[Entries taken from a collection]
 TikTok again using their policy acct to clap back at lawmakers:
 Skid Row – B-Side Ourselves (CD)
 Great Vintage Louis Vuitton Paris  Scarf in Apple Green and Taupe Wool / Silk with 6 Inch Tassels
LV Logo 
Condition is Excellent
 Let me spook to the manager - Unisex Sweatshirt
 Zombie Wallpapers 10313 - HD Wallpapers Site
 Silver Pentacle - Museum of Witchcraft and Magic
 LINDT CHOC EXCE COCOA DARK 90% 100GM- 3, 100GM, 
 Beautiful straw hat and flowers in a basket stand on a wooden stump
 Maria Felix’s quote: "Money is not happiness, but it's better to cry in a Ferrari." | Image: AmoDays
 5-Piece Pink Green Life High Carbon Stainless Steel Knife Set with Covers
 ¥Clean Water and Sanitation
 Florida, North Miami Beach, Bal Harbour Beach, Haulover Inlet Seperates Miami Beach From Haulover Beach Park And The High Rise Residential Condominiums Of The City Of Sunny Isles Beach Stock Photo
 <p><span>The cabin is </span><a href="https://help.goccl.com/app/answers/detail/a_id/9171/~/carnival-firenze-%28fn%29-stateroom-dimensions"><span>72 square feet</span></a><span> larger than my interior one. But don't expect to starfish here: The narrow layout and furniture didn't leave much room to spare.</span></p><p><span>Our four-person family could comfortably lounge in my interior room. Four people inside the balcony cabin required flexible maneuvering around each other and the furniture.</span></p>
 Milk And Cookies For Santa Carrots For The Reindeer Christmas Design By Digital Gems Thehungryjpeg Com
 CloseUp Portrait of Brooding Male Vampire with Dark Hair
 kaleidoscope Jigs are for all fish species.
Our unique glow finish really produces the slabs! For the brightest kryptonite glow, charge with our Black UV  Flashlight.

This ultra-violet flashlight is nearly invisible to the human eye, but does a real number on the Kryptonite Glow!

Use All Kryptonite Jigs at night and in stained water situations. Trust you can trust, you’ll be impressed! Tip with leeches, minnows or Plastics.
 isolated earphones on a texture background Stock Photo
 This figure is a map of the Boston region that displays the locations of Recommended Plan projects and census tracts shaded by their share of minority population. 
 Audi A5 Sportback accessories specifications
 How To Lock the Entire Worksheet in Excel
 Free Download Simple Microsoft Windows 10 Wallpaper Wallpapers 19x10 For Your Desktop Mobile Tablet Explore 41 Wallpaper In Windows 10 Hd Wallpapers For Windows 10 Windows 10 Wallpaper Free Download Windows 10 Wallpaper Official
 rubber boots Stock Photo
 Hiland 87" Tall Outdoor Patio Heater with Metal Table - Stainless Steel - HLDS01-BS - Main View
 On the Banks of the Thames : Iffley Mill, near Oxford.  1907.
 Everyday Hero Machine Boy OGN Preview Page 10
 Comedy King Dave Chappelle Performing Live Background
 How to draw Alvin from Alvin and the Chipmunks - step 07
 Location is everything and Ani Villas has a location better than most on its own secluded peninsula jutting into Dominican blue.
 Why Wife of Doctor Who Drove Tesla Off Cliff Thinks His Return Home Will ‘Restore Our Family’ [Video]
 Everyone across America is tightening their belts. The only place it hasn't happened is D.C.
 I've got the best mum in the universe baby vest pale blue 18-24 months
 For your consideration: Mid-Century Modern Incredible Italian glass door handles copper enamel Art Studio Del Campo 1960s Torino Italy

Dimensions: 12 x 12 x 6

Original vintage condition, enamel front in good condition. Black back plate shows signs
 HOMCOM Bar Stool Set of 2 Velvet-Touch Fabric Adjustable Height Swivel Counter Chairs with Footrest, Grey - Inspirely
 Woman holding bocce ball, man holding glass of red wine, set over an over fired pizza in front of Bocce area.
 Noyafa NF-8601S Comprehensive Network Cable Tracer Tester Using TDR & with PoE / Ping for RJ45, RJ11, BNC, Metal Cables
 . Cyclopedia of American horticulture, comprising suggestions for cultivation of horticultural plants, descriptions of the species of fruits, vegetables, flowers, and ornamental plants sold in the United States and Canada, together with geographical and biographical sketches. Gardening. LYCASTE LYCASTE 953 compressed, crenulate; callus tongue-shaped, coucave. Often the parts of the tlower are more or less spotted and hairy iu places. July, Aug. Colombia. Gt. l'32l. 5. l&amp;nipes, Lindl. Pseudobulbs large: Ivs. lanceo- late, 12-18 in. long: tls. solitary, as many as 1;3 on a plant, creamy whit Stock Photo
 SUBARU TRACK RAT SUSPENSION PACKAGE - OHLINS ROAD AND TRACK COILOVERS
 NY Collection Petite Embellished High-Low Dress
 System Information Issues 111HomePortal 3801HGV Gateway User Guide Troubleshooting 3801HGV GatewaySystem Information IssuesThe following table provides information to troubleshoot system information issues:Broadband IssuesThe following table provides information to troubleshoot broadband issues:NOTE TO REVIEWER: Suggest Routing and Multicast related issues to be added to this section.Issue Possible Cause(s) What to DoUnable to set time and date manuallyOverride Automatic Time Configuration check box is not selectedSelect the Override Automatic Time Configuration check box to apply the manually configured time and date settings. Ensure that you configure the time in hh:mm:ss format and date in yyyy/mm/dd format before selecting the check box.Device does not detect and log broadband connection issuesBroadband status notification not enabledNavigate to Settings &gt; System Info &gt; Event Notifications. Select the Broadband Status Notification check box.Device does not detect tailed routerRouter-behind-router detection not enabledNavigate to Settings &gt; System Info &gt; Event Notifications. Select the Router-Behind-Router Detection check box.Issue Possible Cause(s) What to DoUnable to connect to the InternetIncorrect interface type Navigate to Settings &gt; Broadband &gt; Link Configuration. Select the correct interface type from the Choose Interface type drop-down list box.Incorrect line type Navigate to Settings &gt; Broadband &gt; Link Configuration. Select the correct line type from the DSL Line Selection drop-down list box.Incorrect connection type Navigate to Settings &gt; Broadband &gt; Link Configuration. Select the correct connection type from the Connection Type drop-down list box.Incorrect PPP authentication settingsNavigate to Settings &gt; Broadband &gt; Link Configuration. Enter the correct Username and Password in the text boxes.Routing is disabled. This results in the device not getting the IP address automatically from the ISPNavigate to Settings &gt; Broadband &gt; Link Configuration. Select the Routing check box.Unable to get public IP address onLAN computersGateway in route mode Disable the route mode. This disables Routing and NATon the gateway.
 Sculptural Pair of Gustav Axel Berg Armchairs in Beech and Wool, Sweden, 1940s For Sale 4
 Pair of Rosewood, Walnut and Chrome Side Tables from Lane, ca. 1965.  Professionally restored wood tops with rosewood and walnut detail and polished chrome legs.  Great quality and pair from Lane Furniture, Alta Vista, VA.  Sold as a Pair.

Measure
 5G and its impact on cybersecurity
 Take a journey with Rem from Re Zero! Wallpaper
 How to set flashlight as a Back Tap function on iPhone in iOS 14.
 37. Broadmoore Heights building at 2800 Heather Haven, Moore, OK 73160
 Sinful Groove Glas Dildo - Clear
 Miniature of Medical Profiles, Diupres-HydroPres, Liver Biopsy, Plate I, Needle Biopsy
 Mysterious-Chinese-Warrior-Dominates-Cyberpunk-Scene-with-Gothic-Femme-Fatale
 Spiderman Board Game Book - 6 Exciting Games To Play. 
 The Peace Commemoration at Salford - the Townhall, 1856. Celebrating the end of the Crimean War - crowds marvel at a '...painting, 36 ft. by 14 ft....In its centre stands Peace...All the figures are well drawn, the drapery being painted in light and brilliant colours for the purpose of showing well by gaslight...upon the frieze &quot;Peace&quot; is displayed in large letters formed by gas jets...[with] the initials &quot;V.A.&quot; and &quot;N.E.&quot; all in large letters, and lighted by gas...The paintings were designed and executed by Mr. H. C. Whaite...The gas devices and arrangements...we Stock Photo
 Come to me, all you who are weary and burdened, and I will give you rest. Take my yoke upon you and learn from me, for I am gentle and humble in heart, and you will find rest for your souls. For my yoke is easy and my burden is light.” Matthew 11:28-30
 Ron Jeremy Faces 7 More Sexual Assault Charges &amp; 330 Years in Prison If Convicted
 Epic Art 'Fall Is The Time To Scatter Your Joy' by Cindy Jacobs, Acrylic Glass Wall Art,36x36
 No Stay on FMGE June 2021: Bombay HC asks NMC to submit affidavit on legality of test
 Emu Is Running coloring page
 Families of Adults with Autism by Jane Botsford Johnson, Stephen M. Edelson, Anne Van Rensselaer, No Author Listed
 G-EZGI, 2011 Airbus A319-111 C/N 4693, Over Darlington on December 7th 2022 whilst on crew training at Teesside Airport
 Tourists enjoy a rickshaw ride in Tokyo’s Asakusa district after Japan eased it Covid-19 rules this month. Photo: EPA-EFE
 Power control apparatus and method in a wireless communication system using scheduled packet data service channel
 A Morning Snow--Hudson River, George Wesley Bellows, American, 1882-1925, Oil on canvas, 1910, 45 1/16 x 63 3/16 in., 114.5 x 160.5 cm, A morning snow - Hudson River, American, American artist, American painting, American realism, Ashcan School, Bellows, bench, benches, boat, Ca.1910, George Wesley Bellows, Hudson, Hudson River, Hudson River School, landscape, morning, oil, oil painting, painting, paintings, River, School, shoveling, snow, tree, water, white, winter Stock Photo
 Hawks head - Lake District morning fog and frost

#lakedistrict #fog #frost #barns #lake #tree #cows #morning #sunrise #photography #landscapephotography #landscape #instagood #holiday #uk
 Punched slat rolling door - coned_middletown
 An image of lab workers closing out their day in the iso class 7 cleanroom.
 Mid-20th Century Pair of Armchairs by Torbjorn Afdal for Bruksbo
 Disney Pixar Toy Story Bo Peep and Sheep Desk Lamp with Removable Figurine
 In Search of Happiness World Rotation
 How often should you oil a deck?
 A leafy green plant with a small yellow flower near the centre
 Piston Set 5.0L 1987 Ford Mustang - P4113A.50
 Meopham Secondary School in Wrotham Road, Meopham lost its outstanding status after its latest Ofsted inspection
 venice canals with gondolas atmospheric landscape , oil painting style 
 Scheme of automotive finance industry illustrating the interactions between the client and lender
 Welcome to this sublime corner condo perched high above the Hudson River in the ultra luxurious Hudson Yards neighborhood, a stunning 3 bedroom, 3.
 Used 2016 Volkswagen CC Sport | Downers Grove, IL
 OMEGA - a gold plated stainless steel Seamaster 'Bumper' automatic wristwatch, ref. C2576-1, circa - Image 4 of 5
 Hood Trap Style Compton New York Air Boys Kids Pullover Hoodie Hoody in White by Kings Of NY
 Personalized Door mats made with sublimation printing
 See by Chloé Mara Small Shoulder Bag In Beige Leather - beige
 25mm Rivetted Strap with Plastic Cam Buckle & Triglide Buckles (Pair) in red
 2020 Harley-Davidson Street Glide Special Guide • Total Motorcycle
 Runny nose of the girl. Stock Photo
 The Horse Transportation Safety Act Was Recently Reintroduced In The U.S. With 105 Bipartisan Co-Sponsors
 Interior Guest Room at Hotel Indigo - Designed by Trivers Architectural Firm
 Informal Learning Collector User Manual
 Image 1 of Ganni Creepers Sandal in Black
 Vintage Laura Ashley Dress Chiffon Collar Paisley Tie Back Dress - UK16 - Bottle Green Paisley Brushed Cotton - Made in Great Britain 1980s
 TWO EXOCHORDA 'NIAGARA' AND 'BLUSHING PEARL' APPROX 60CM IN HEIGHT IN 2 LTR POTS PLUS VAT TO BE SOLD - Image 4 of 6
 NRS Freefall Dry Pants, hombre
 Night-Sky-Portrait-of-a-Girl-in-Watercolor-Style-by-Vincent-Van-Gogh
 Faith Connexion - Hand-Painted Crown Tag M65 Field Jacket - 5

- **TASK**
Going back over the entries above, copy word for word every line from the one that has "5G and its impact on cybersecurity" on through the one that has "Spiderman Board Game".

- **EXPECTED ANSWER**
 5G and its impact on cybersecurity
 Take a journey with Rem from Re Zero! Wallpaper
 How to set flashlight as a Back Tap function on iPhone in iOS 14.
 37. Broadmoore Heights building at 2800 Heather Haven, Moore, OK 73160
 Sinful Groove Glas Dildo - Clear
 Miniature of Medical Profiles, Diupres-HydroPres, Liver Biopsy, Plate I, Needle Biopsy
 Mysterious-Chinese-Warrior-Dominates-Cyberpunk-Scene-with-Gothic-Femme-Fatale
 Spiderman Board Game Book - 6 Exciting Games To Play. 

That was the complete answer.